Each Saturday, educators attended the public lecture from 10:00 to 11:30 a.m. and then met for a writing workshop from 11:30 a.m to 2:00 p.m.  During the workshop, time was given to solitary writing in response to the morning lecture. The workshop nurtured educators as writers through self-reflection and group discussion.  Priority was given to full-time K12 teachers.

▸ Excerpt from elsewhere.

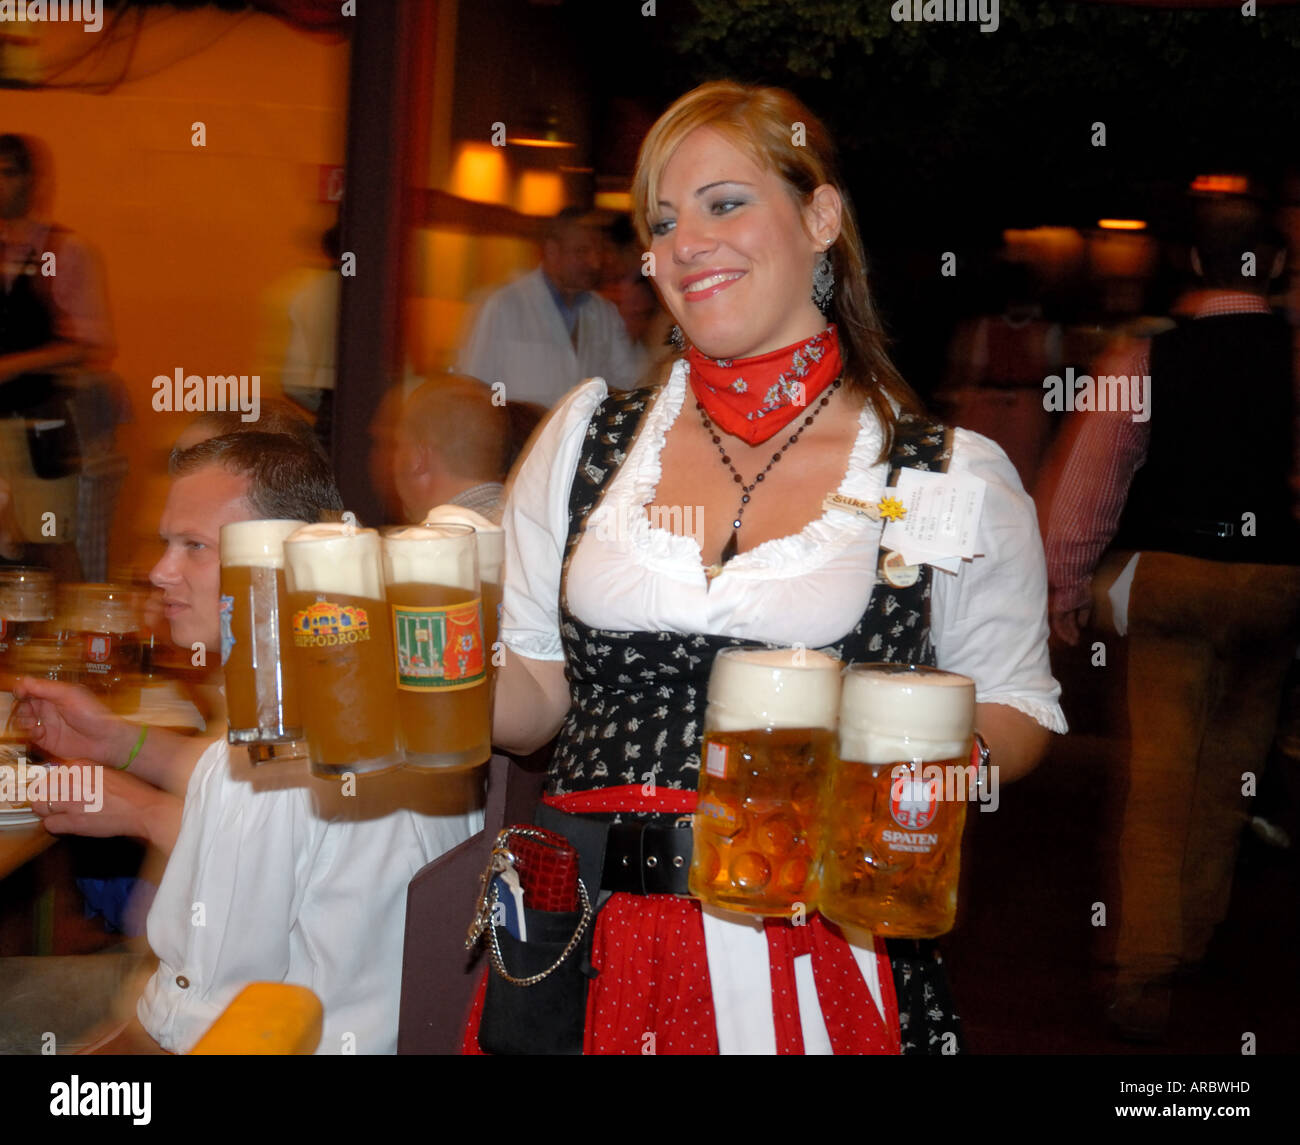 Oktoberfest waitress carrying beers Stock Photo - Alamy

This University Lecture Series was titled “Roots of Culture: Essential Plants of Asia”.  This seven-part series began with “an arts approach to plants through a comparison of musical structures and trees. Then six talks each focus on cultures and histories of one type of plant. Their uses vary from garden ornamentals to craft, agriculture, fiber, and fruit.” (excerpt from the Gardner Center website)

 

JAN 19

The Harmonic Forest: Musical Structures Heard as Trees

Jovino Santos Neto, musician and biologist

 

JAN 26

The First Satyagraha: Gandhi’s Campaign Against Indigo Plantations in Early Twentieth Century India

Anand Yang, University of Washington

 

FEB 2

The Story of the Camellia

Nicholas Menzies, Huntington Library, Art Collections, and Botanical Gardens

 

FEB 9

Soybean Worlds

Jia-chen Fu, Emory University

 

FEB 16

Jute and Peasant Life in the Bengal Delta

Tariq Omar Ali, University of Illinois

 

MAR 2

Fruit Trees, Family Trees, and Landscape Change: The Durians of West Kalimantan, Indonesia

Nancy Lee Peluso, University of California, Berkeley

 

MAR 9

The Japanese Basket 1845–1958: Mirror of Modernity

Joe Earle, Former Director, Japan Society Gallery

 

Workshop details

Saturdays from January 19 to March 9 (no lecture on February 23)
10:00 a.m. – 2:00 p.m.
Seattle Art Museum, Plestcheeff Auditorium

Benefits

Free admission to the lecture and four free clock hours available for attending at least two lectures and fulfilling online discussion requirements.